Par décision du 26 octobre 2023, la commission a déclaré son dossier recevable.
Par décision du 21 décembre 2023, la commission a décidé d’ordonner un rétablissement personnel sans liquidation judiciaire au motif que sa situation est irrémédiablement compromise.
La décision a été notifiée le 29 décembre 2023 à Monsieur [F] [I] et Madame [V] [I] qui l’ont contestée par courrier envoyé à la commission le 20 janvier 2024.
Les parties ont été convoquées à l’audience du juge des contentieux de la protection du tribunal judiciaire de Paris du 20 mars 2025, à laquelle l’affaire a été retenue après plusieurs renvois aux audiences des 2 mai 2024, 12 septembre 2024, 12 décembre 2024 et 6 mars 2024, à la demande des demandeurs pour les premiers et afin de permettre aux demandeurs de comparaître valablement selon les modalités de l’article R713-4 du code de la consommation pour deux derniers.

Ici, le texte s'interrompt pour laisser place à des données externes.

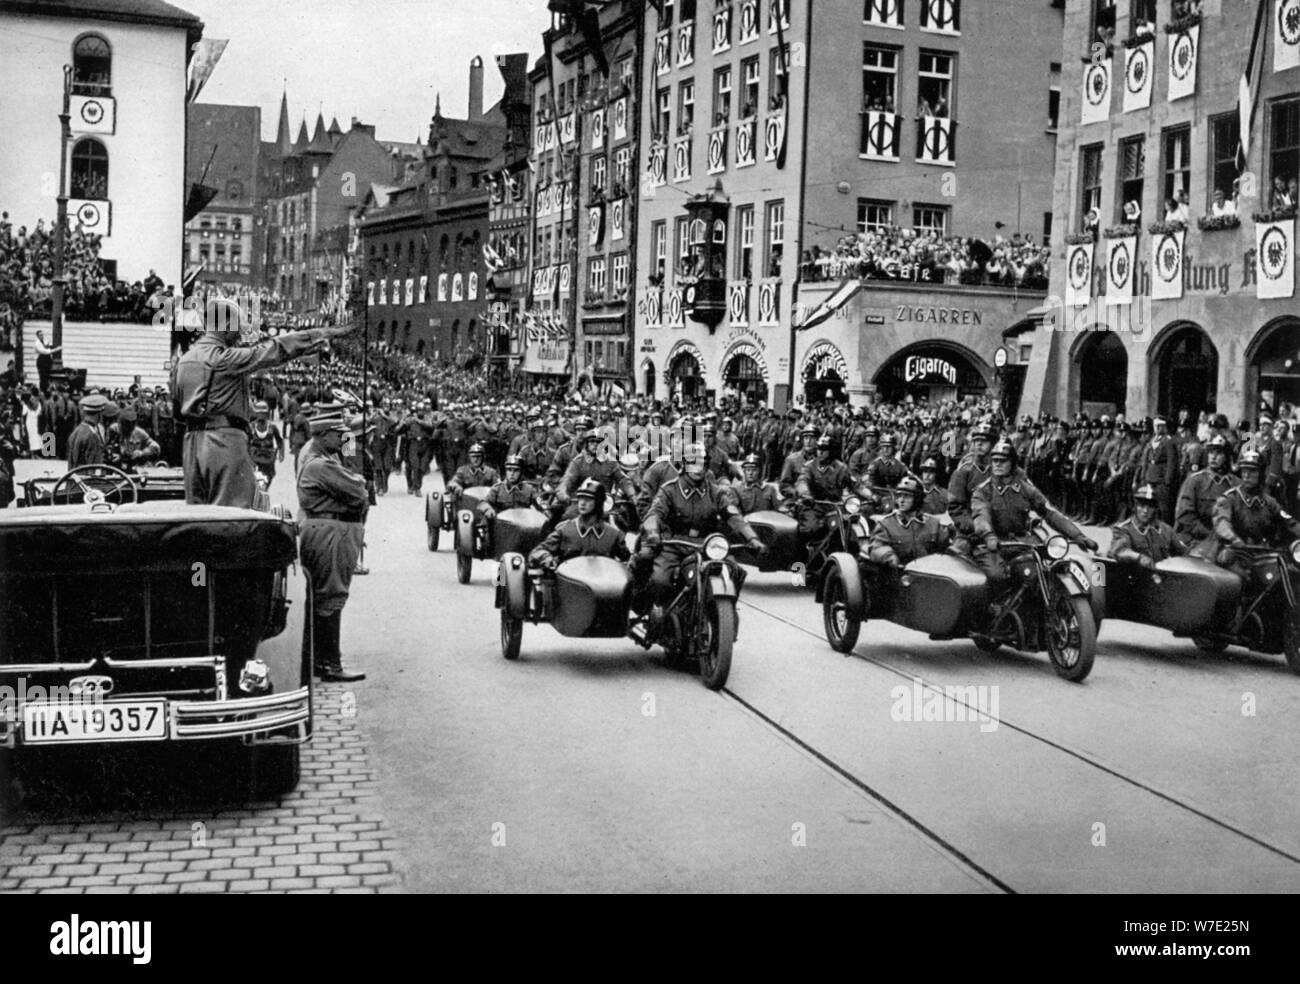 Revue des troupes d'Adolf Hitler à la moto de Nuremberg, Allemagne, 1935. Artiste : Inconnu Banque D'Images

Les consorts [I], comparaissant valablement par écrit, conformément aux dispositions de l’article R713-4 du code de la consommation, aux termes de conclusions reçues le 18 mars 2025, et dont la débitrice a reçu copie par lettre recommandée avec avis de réception signée le 16 décembre 2024, dans lesquelles ils demandent :
— d’annuler la décision du 26 octobre 2023 portant effacement total de leur créance ;
— de condamner Madame [L] [Y] à leur verser la somme de 500 euros en application de l’article 700 du code de procédure civile et aux dépens.
Au soutien de leurs demandes, ils font valoir que la débitrice se trouve de mauvaise foi pour se maintenir dans l’appartement dont ils sont propriétaires sans droit ni titre depuis le 15 décembre 2020 sans s’acquitter intégralement de l’indemnité d’occupation à laquelle elle a été condamnée par décision du juge des contentieux de la protection du tribunal judiciaire de Paris en date du 15 décembre 2020. Ils soutiennent en outre que la débitrice n’a entrepris aucune démarche sérieuse pour se reloger en 4 ans.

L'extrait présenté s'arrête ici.